Wer jetzt schon kräht, ist früher dran

Nach den Regeln der Tagfresser-Branche wird’s nun aber langsam Zeit für die Rückblicke aufs Jahr 2011. Spätestens kurz nach den Sommerferien heben die ersten Abgesänge an. Kurz danach sieht man dann die ersten Weihnachtsdekos in den Geschäften. Aber schleunigst!

Hurtig, hurtig, atemlos: Fukushima, Ehec, Norwegen, Finanzkrise. Eine Apokalypse nach der anderen, journalistisch allseits abgegriffen, in Kürze dann in der Wiederaufbereitungs-Anlage. Königs- und Fürstenhochzeiten hinzugeben, mit Kachelmann und einem Strauss Kahn würzen, umrühren, fertig. Dann noch Spocht und Wetter.

Zackzack, holterdiepolter. Auch Gedenktage werden inzwischen lange vor dem eigentlichen Datum aufgerufen und bekakelt – beileibe nicht nur im Sommerloch. Der 11. September 2001 jährt sich in mehr als einem Monat zum zehnten Male und wird bereits jetzt um und um gewendet. Der Mauerbau vor 50 Jahren (13. August 1961) wird seit Wochen verwurstet und gefleddert.
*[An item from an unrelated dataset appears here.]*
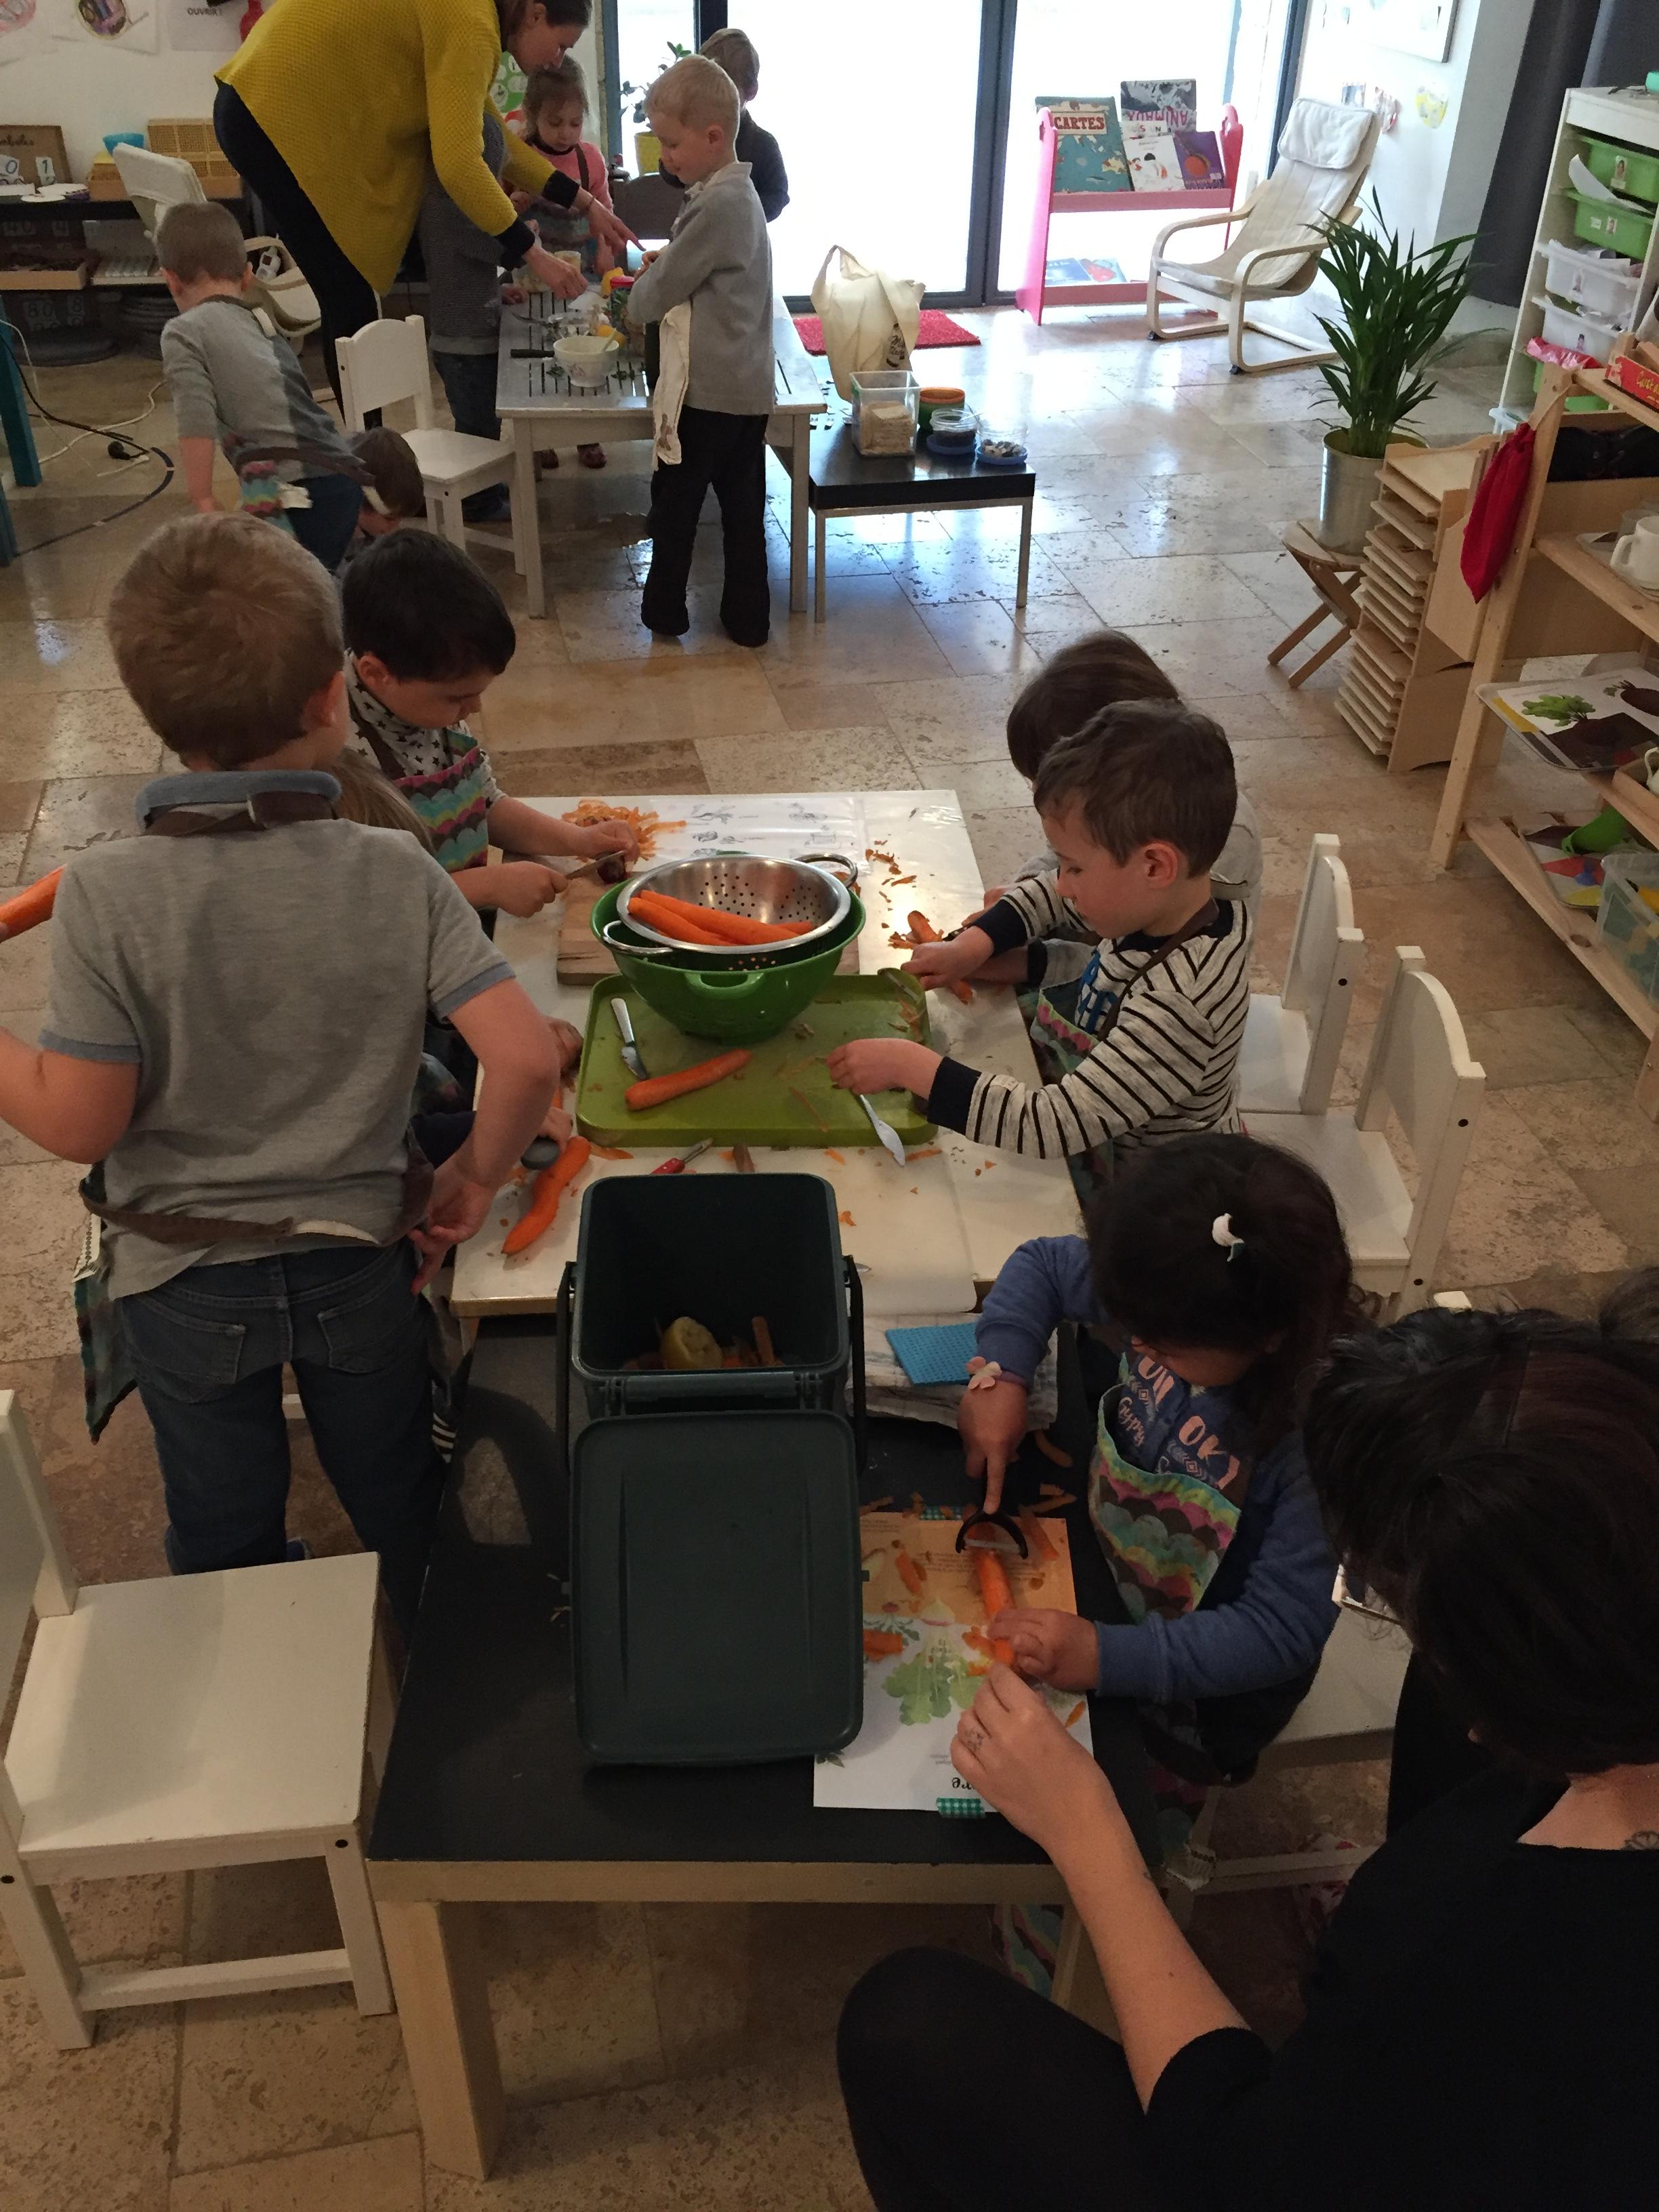 école-Montessori-les-oliviers-207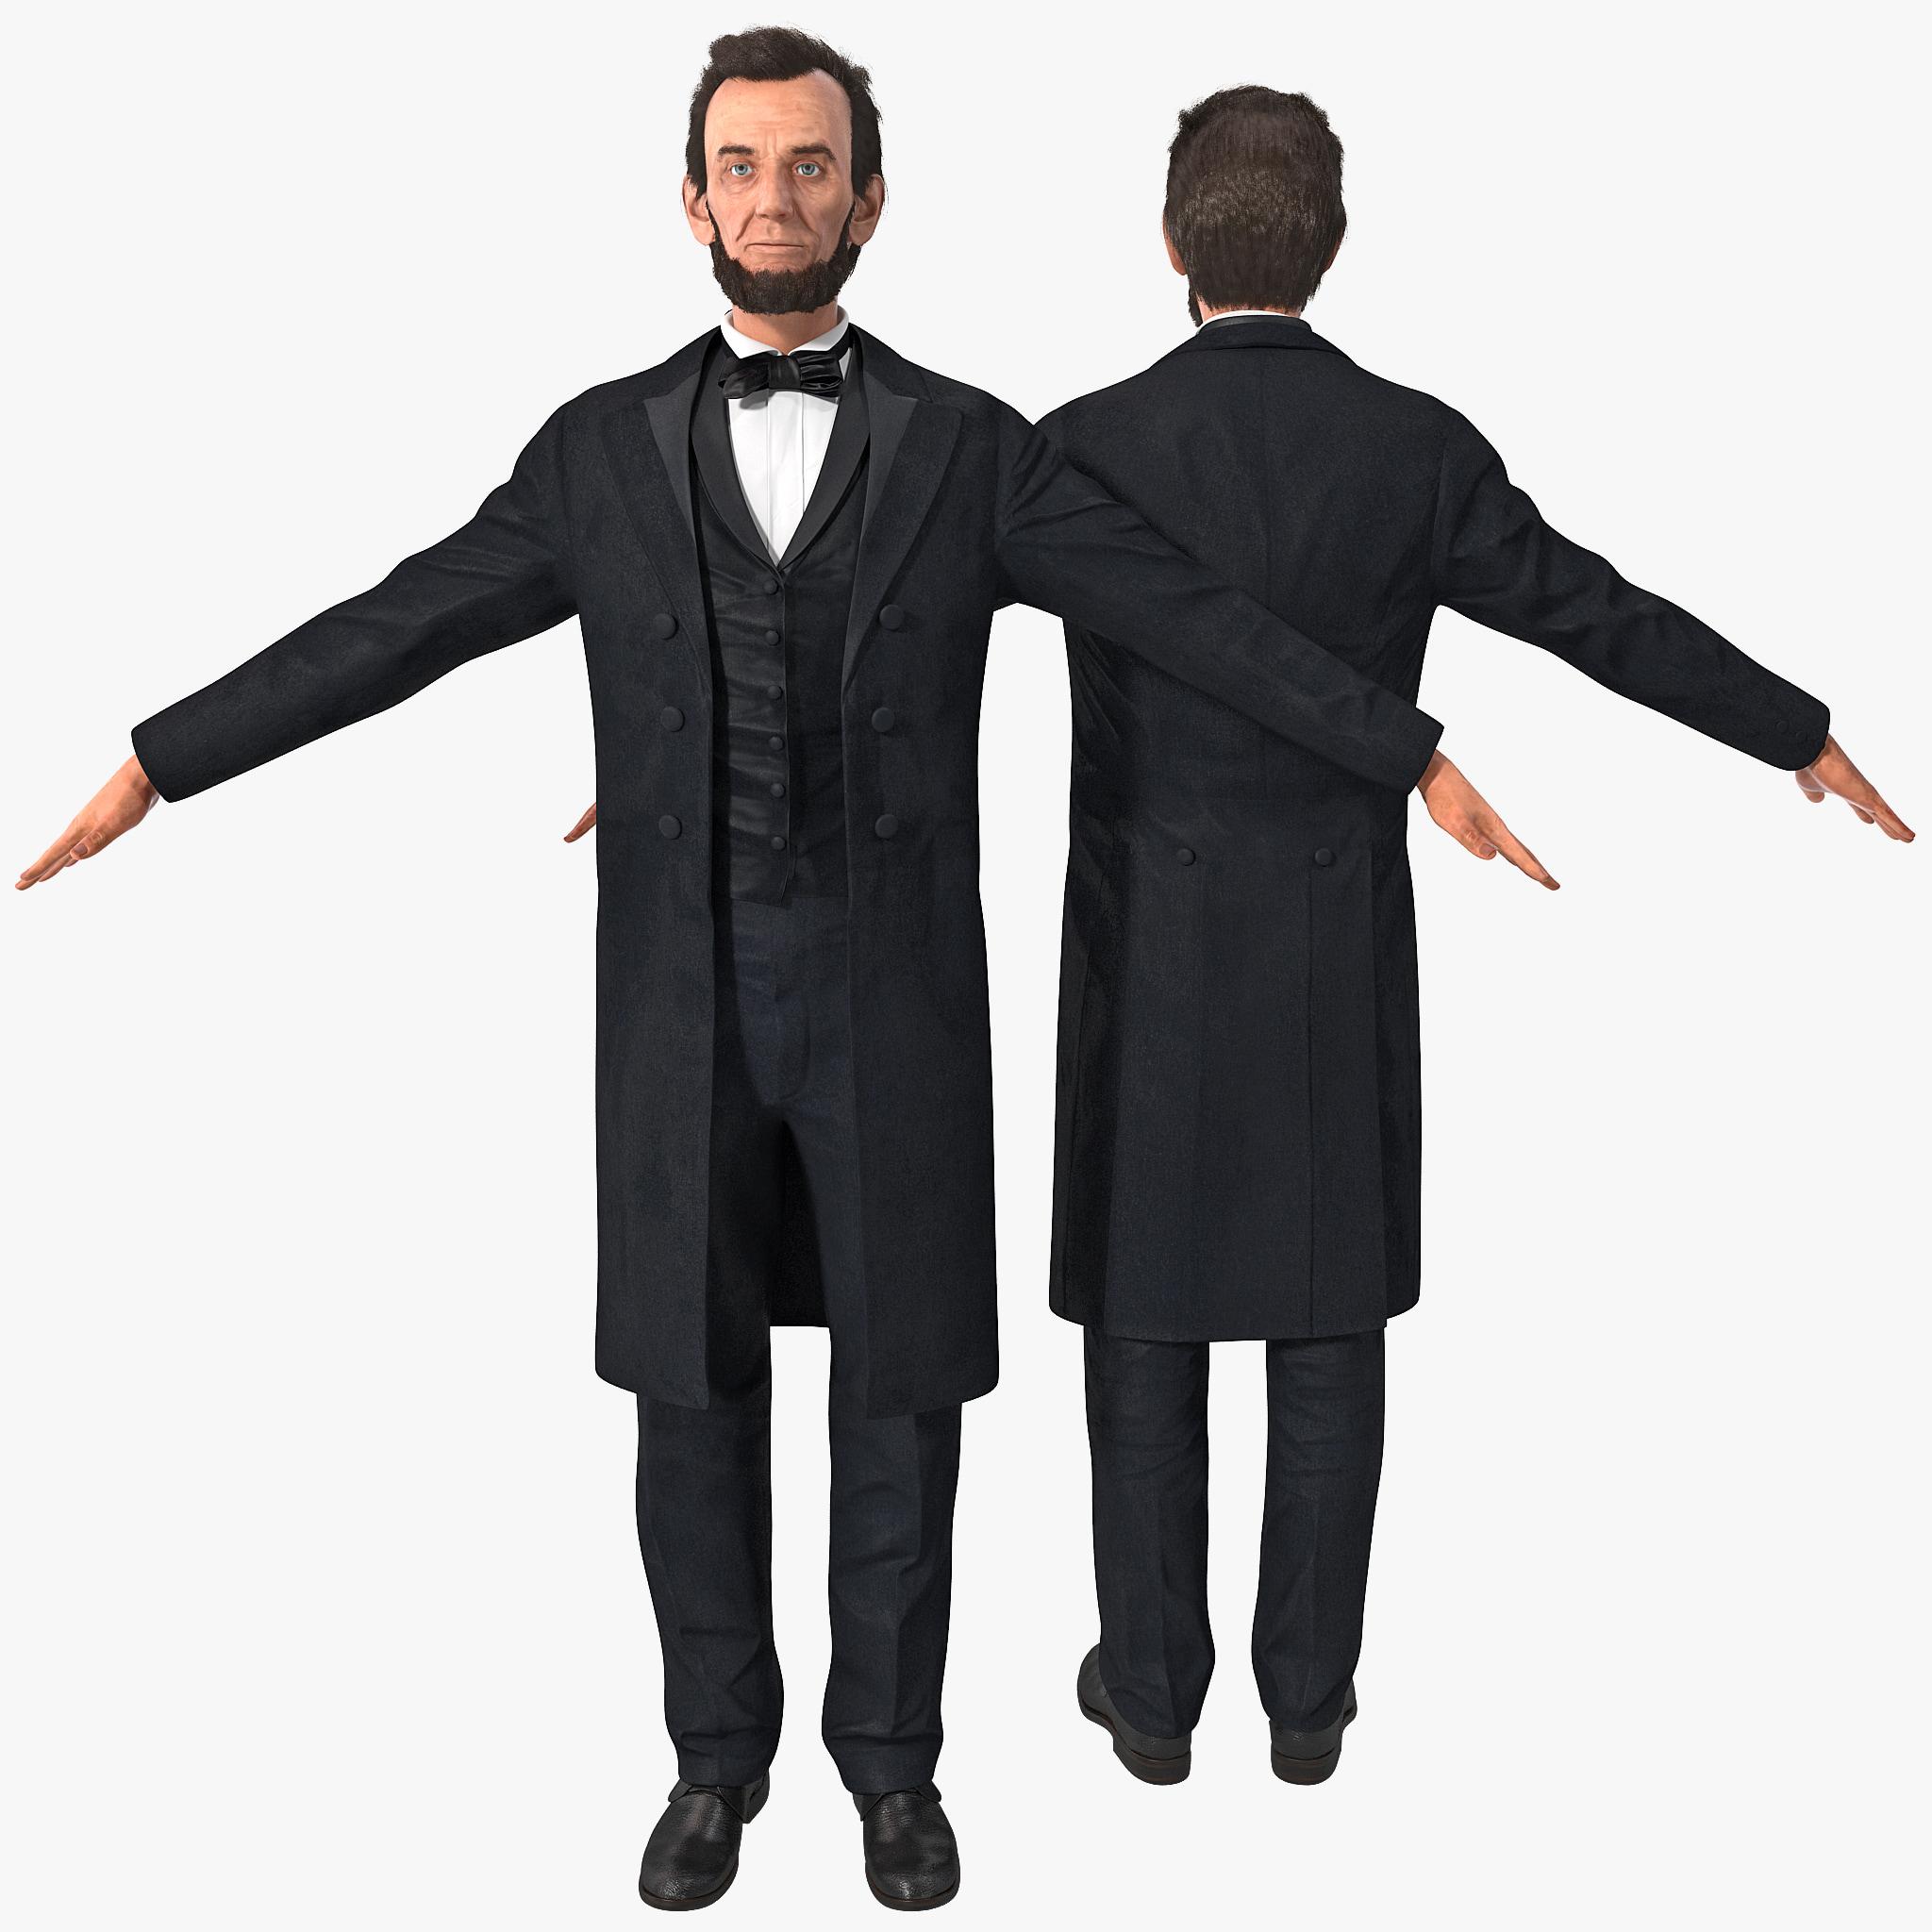 Abraham Lincoln_1.jpg

Eine besondere Form der „Aktualität“: Wer jetzt schon kräht, ist früher dran und hat’s vor der Konkurrenz getan. Die wird sich ärgern – und aufrüsten, sprich: beim nächsten Mal noch früher loslegen. Welch ein überstürztes Brimborium. Welch ein selbstbezügliches, besinnungsloses Kreiseln.

Schon sehr bald werden die Leitmedien die Linien für 2012 vorzeichnen, Parolen ausgeben, Trends ausrufen. Die Meute wird sogleich hinterher hecheln, auch im Feuilleton. Man muss schließlich das aufgreifen, wovon „alle Welt“ spricht. Oder etwa nicht?

Einen schönen Tag wünscht noch

Die durchs globale Dorf gehetzte Sau.